I was a little bit worried. I don’t know her on like, the level of life. I have hung out with her a couple of times, and I know she has a really great sense of humor, and she also loves Drag Race and loves the community. So she wouldn’t be mad, but I did want to be super-respectful at the same time. I remember getting ready, and I was like, Okay, Snatch Game’s coming up. We’ve got to make sure the jokes are funny, but we’ve got to be respectful. It almost made me switch my character like same day, ’cause I was getting nervous. I stood at the mirror with two pictures in my hand and I was like, Okay, here we go, I’m just gonna go balls to the wall with Paris, and hopefully she’s fine. And turns out she was, she lived!
And you did Paris in front of Raven, who had also done Paris Hilton before for Snatch Game. What was that like for you?
Oh my gosh, okay. First of all, Snatch Game Day, I was full, like, a method acteur. The cameras weren’t even rolling, and everyone was dying laughing — I was wearing full heels under the table, like, I’m going for it. I was in Paris Hilton mode since the makeup was on. And then, the only moment that I stepped out of the method acting that I was doing, for one second, was when I saw Raven was there. I was like, You have got to be kidding me, what are the odds of that? It made me nervous a little bit; I was like, No, not Raven right now. But it turned out gorge.
One of the other specific moments I wanted to ask you about was this Hercules look for the Haute Pockets runway that we all gagged over. How does that idea come to you in the first place?
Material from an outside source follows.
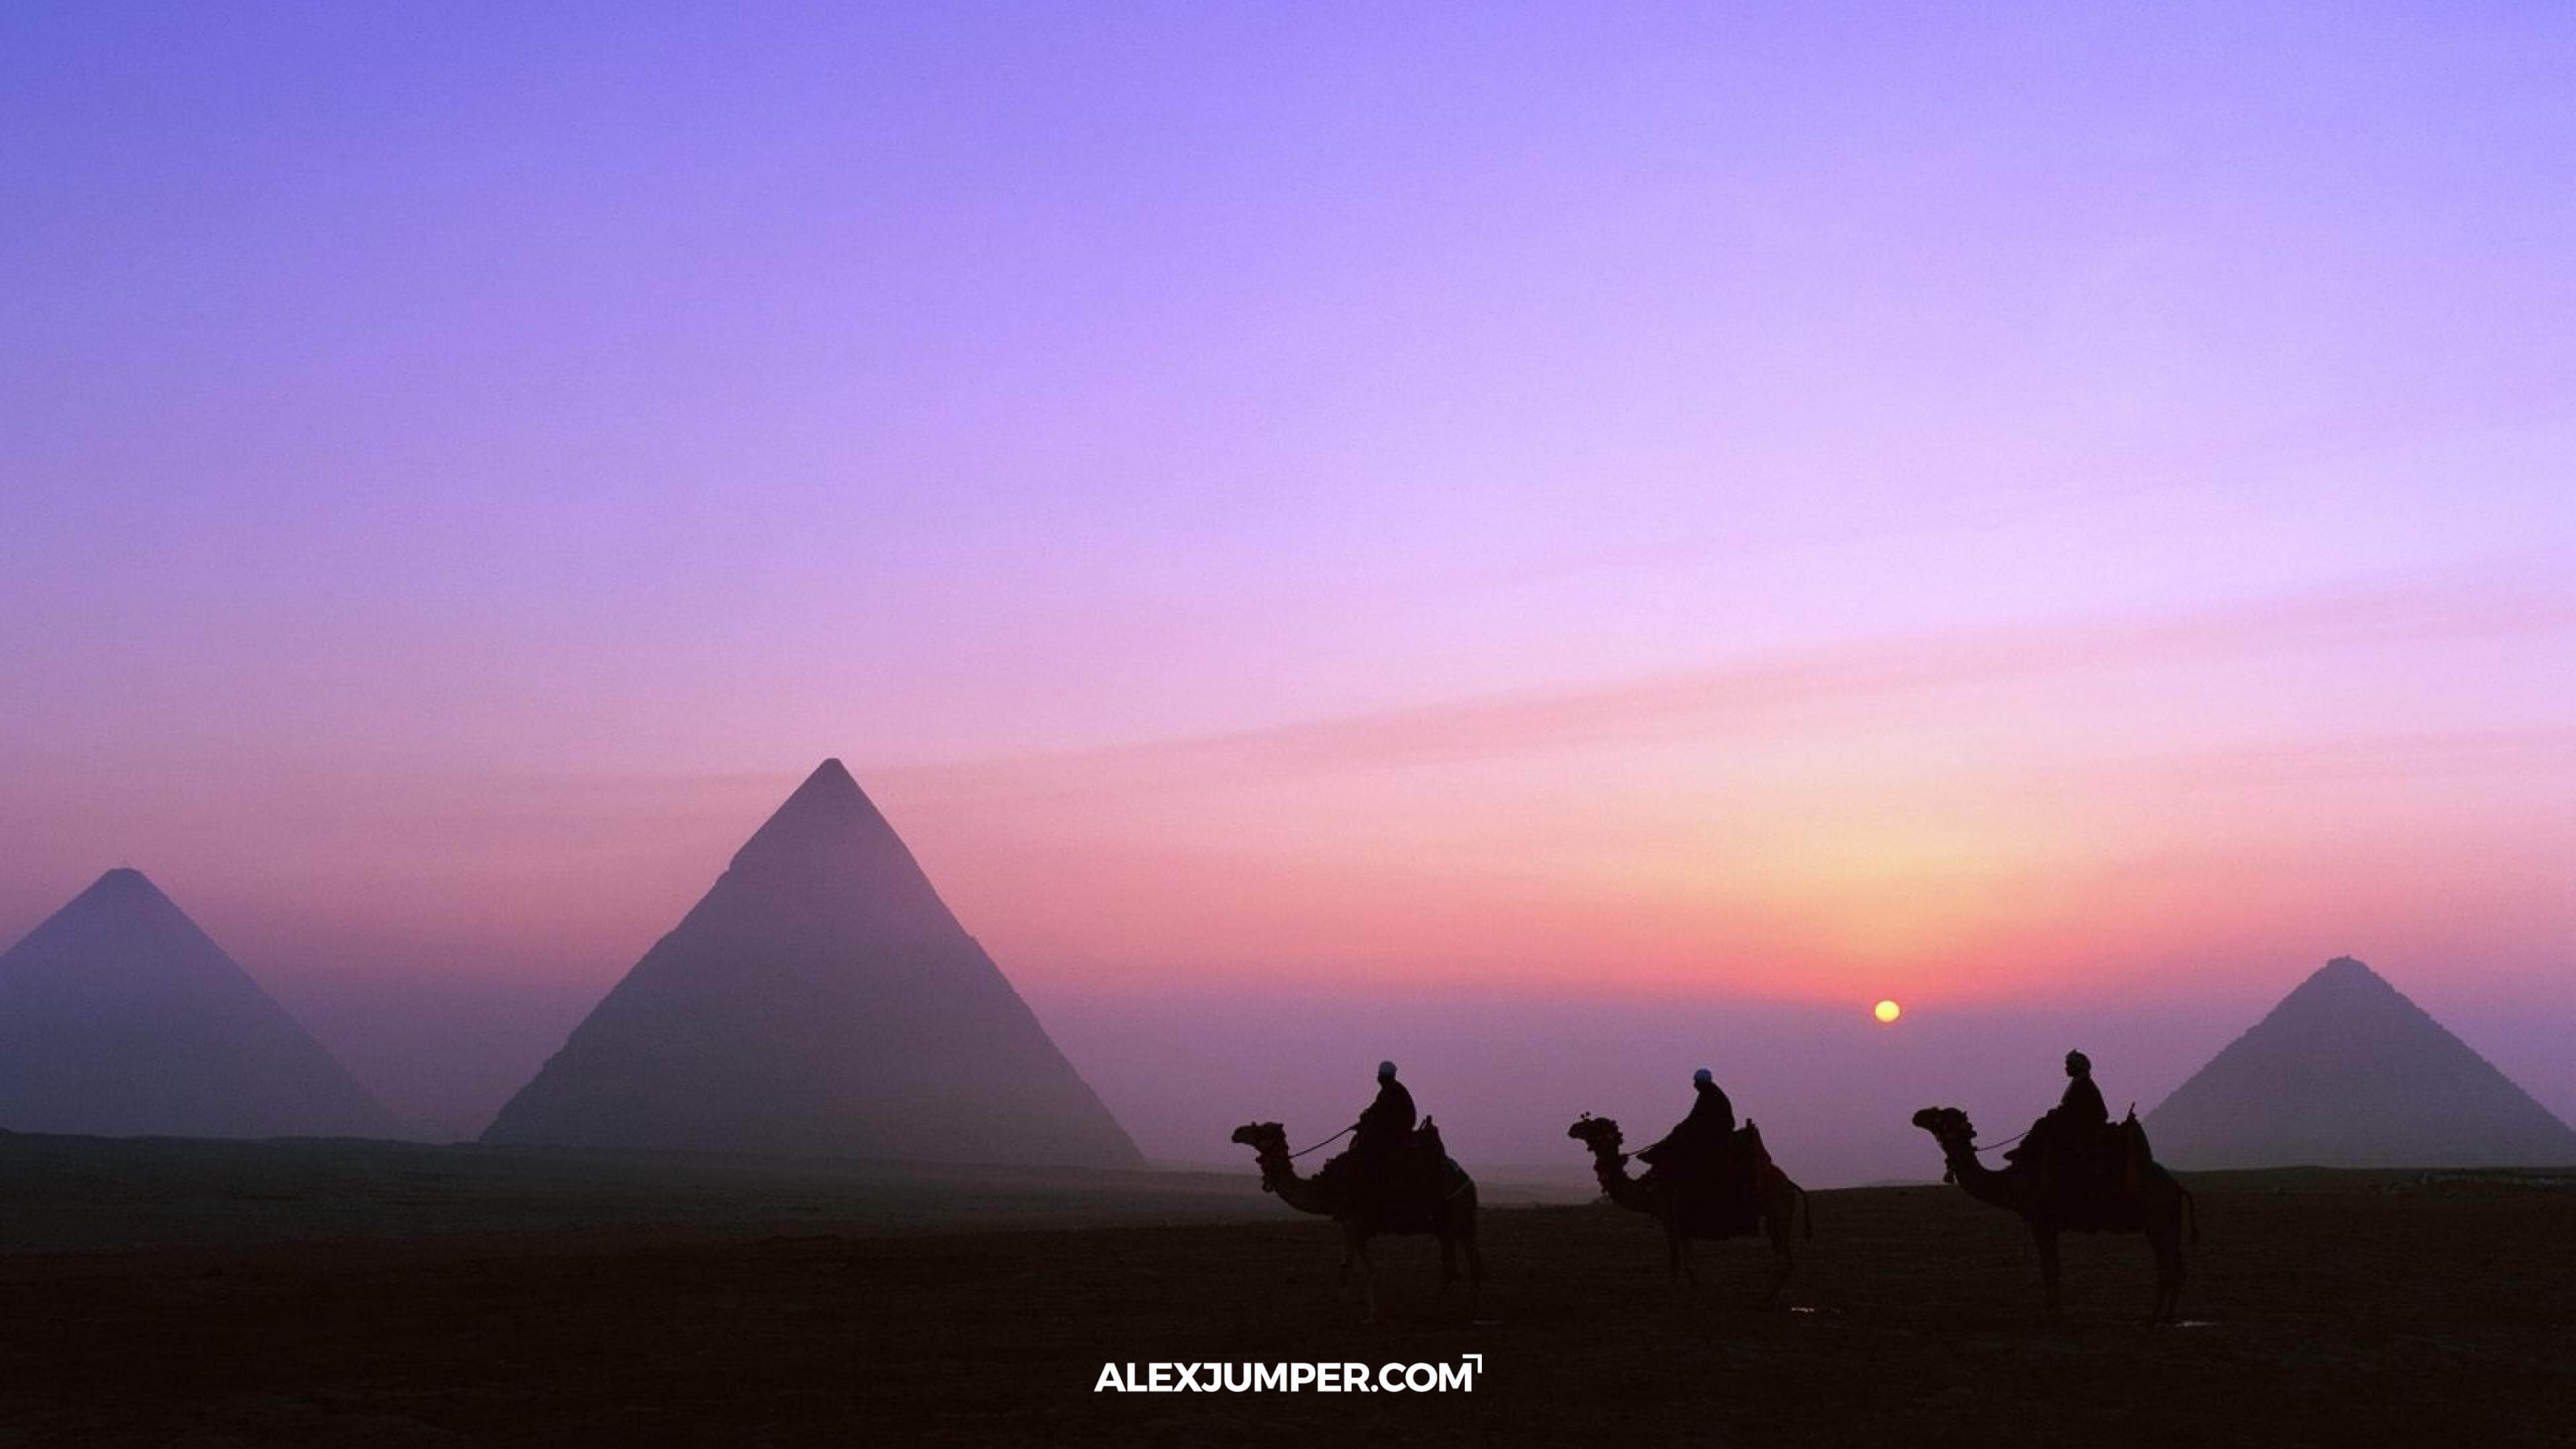 teletransportacion-posible-24horas-egipto-piramides-alex-jumper

That movie, I would quote that, weirdly, at times. I am very good at a theme, and I do have amazing friends that have taught me to have a gorgeous Rolodex of references in my brain, and I’m pretty good at making them my own. So when I got a theme for a runway, I would be like, Okay, the theme is pockets, what is every type of pocket in the world? And I’d be like, Pocket, pocket watch, watches, and then just spiral out into that, and I was like, Okay, wanna buy a sundial? And then, there it was! [Laughs] I’m like a psycho when I’m thinking of looks.
I love it though. Have you thought about any other Disney looks?
That’s my only one so far, but I grew up being a Disney fan, so I’m sure if you give me a theme one day, another one of those will pop up for sure.
So as of this call we don’t know who wins yet. What would the win mean to you?
I came into Drag Race to show a new side of drag, and a new story that hasn’t been told. And I came in and did more than I even thought I could do, and I’m so proud of my journey. I feel like I’m ready to inspire and fight for, to crash the cis-tem and destroy this box that society has tried to put us in. I feel like we’re starting a revolution, with Bimini over in [Drag Race] U.K., and me here, and I feel like there’s amazing trans women that are in our Drag Race futures, and we’re gonna crash the cis-tem like no others. I came in and did what I needed to do and I’m so proud of it. I feel like I won with or without a crown. I’m living.
I feel like you’ve won too, and it’s just been a joy to watch you every week, so congratulations on that.
I feel like such a pageant little, I feel like little Olivia [Lux] saying that. But it’s so true.